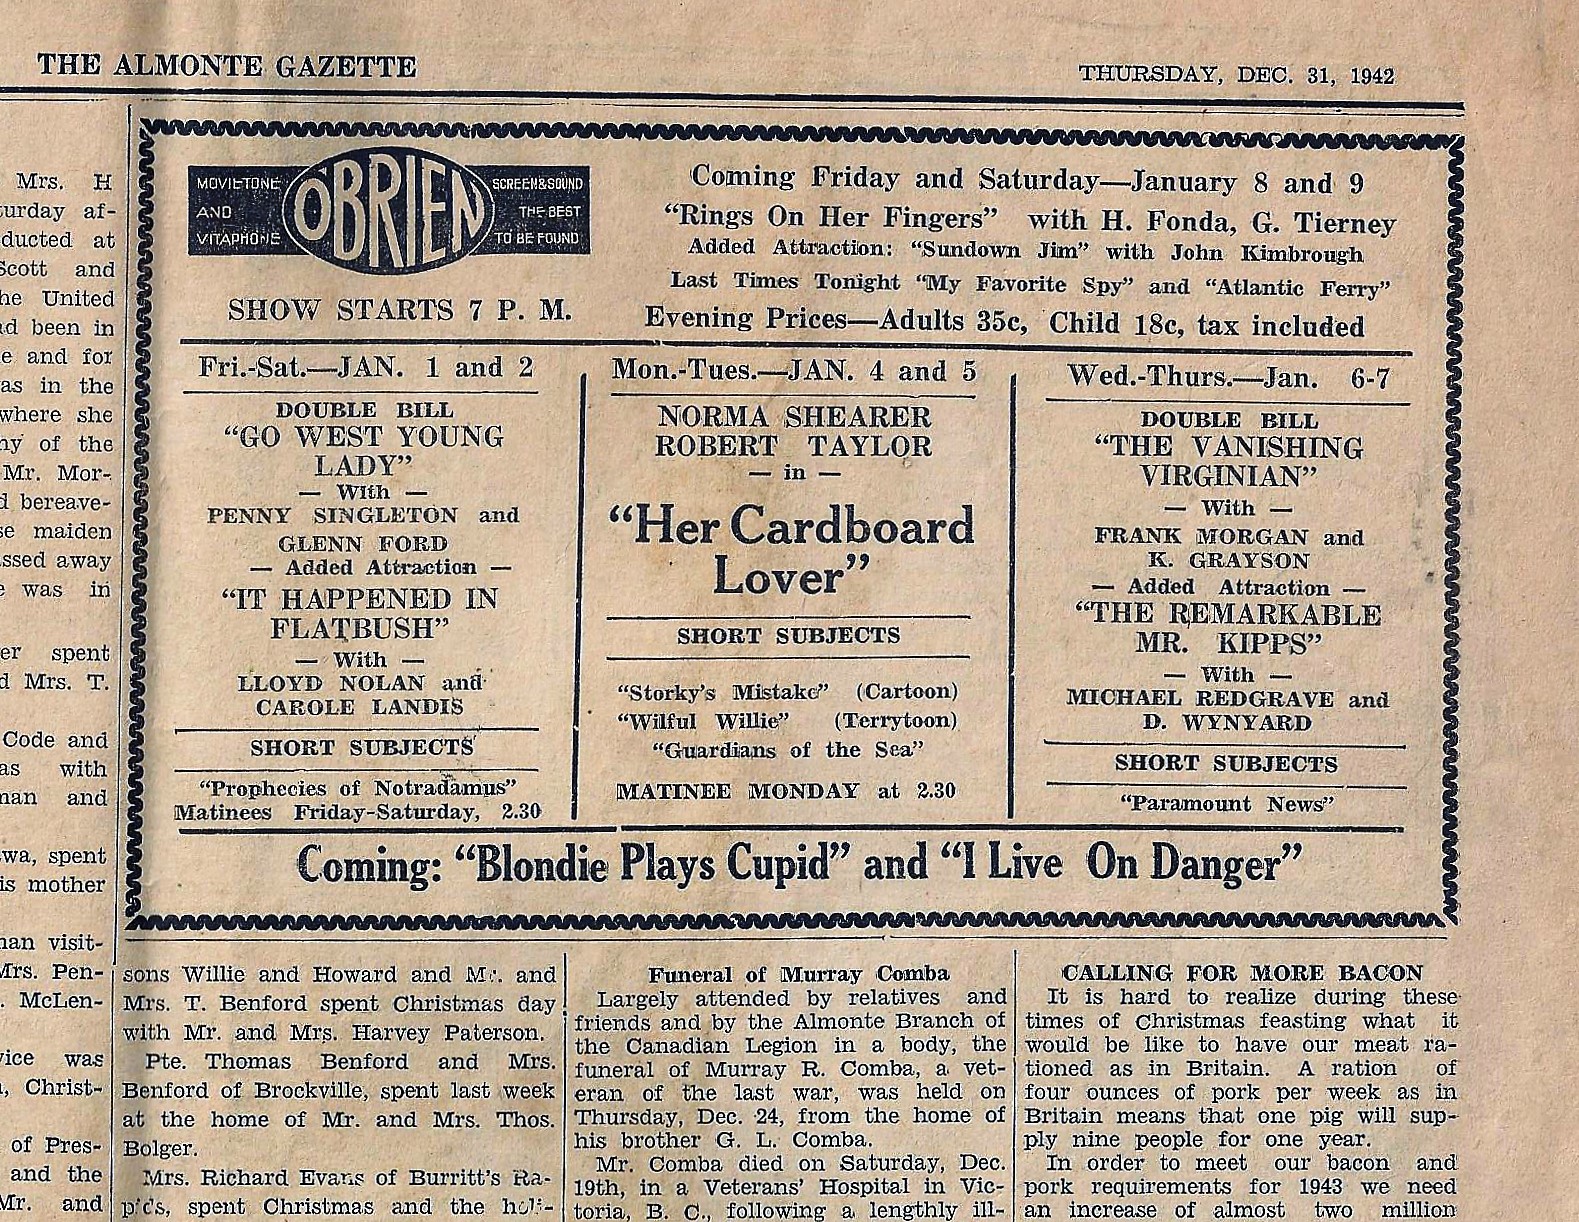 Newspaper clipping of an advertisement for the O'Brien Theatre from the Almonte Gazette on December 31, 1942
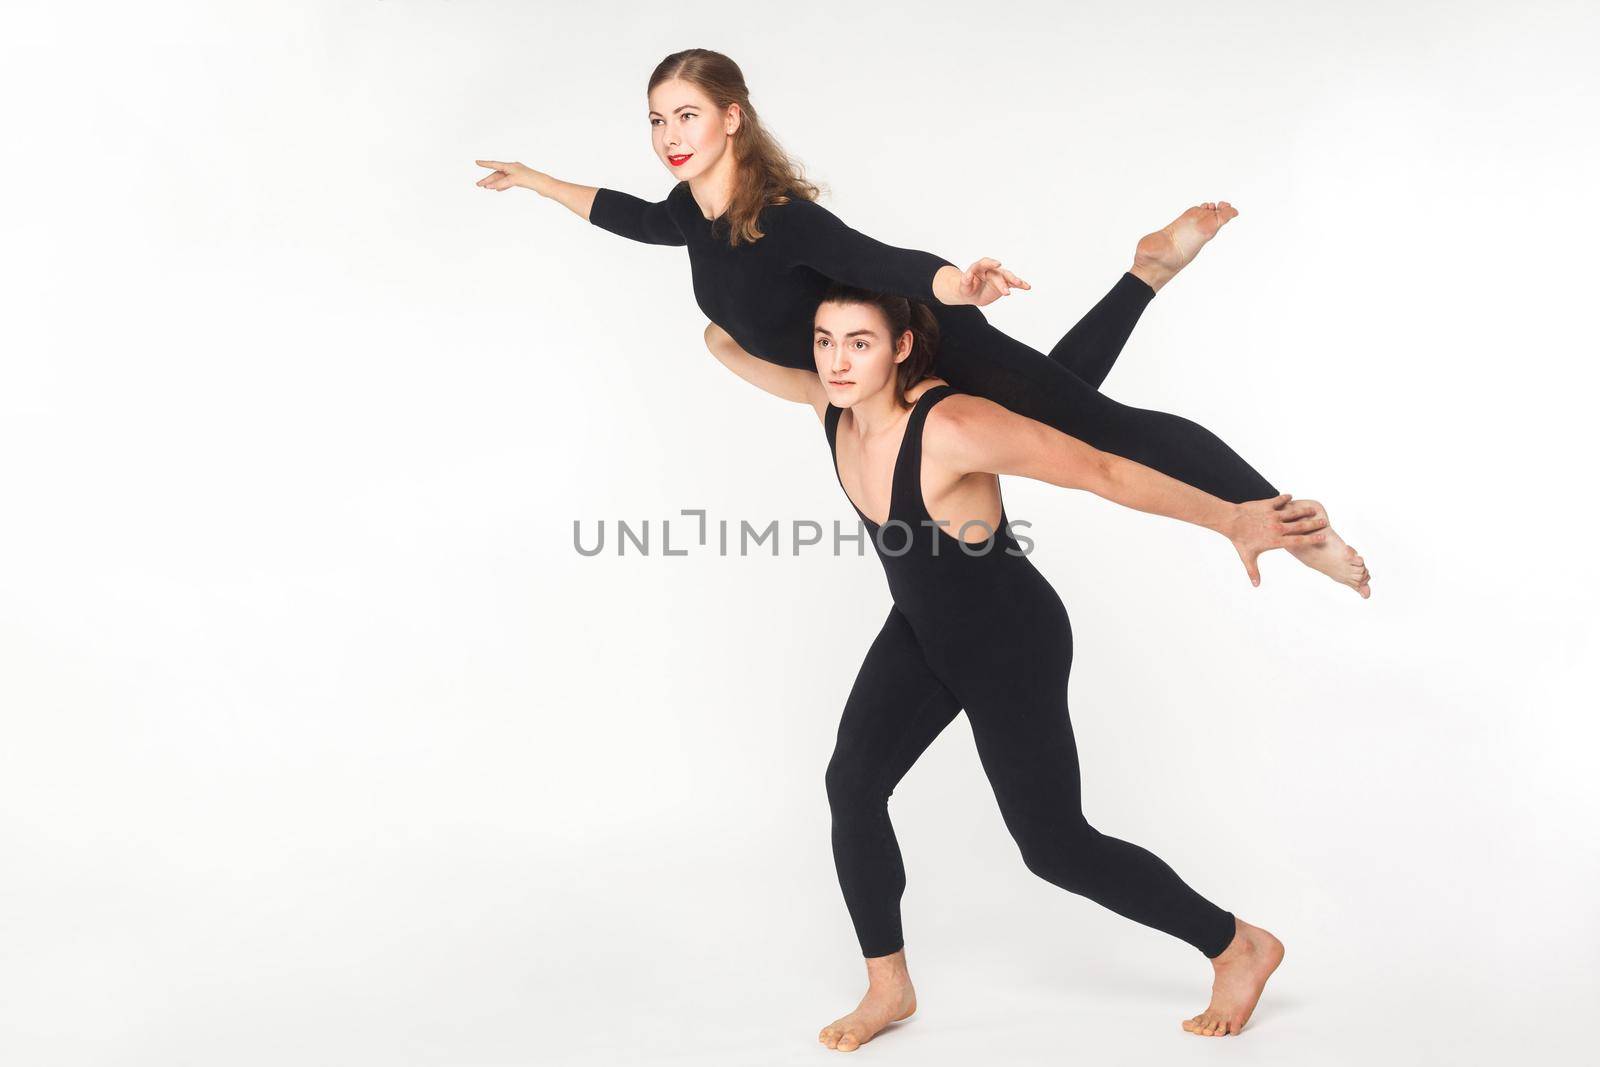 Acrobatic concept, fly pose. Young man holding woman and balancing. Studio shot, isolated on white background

_ _ _ _ _ _ _

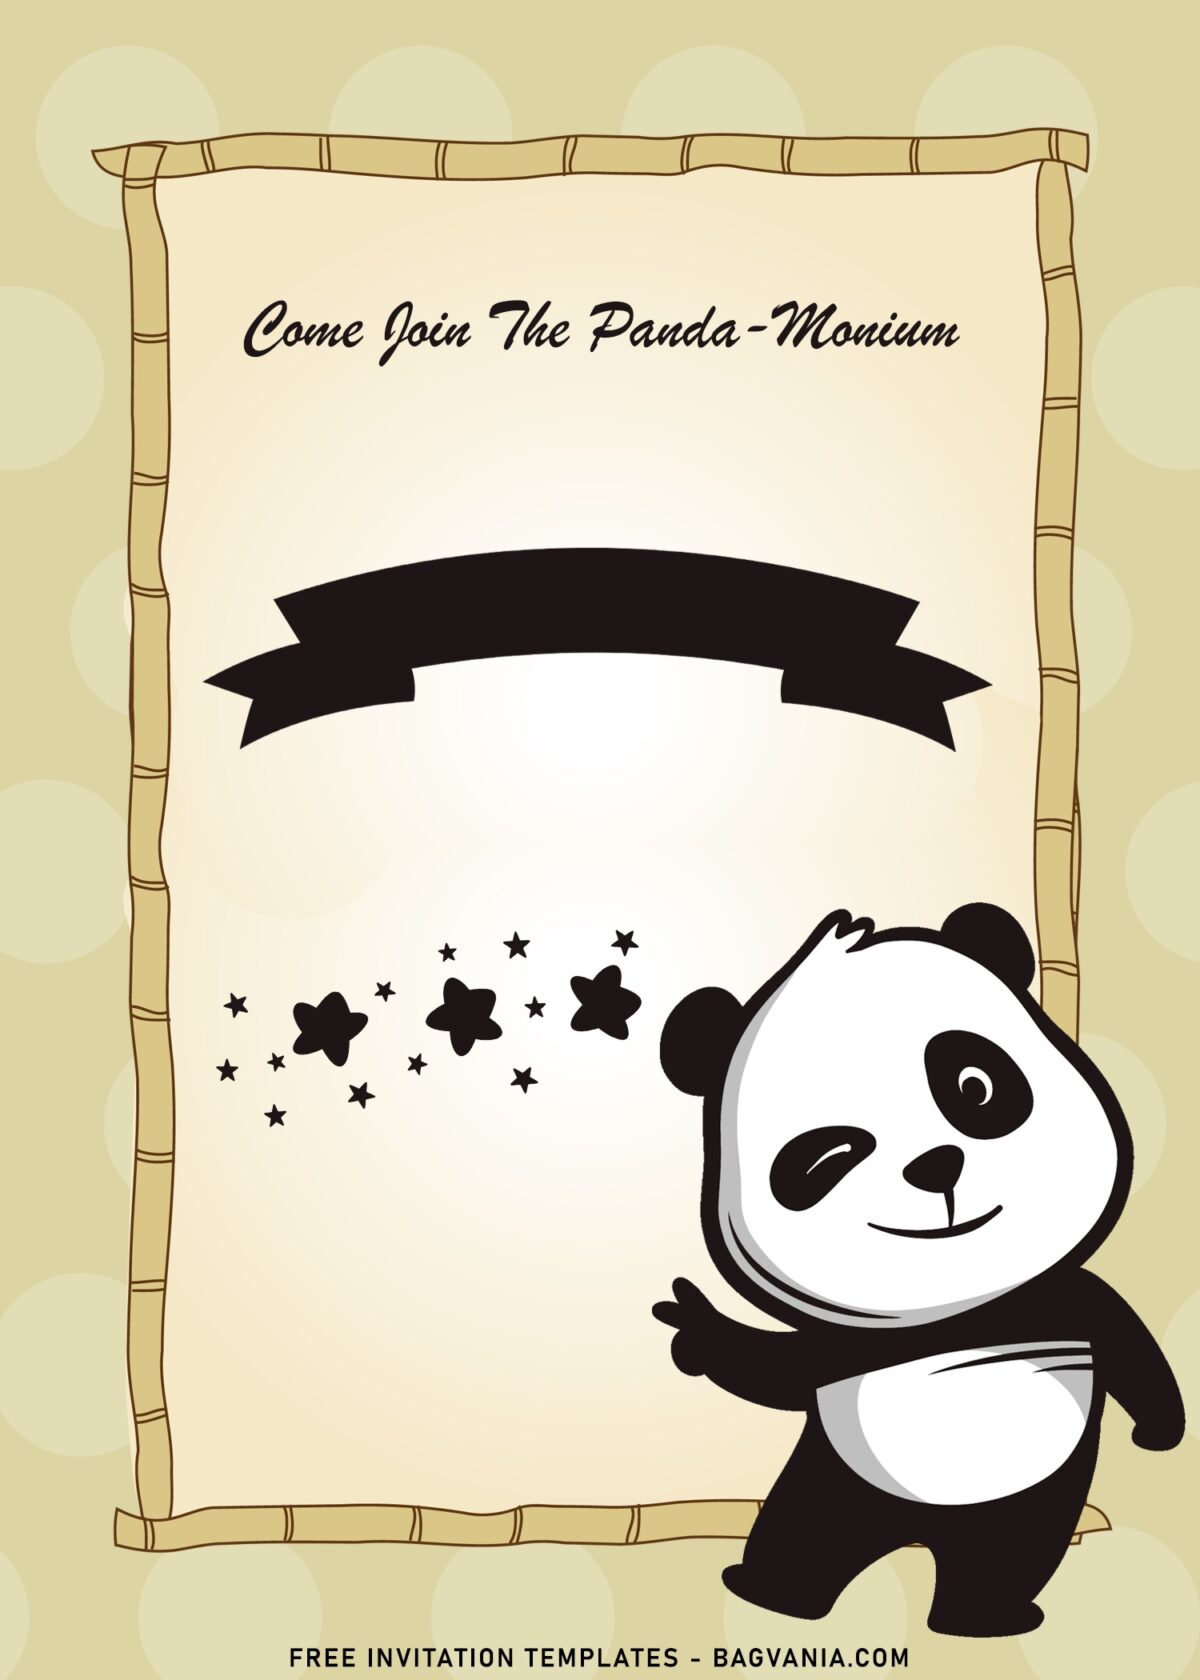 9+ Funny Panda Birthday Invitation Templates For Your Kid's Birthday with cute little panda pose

_ _ _ _ _ _ _

• [Your goal]: Once the line with "Newspaper clipping of" has been found above, output that line and every later line exactly, stopping after the line with "Acrobatic concept, fly", and omit the pictures.

• [Final answer]:
 Newspaper clipping of an advertisement for the O'Brien Theatre from the Almonte Gazette on December 31, 1942
 Acrobatic concept, fly pose. Young man holding woman and balancing. Studio shot, isolated on white background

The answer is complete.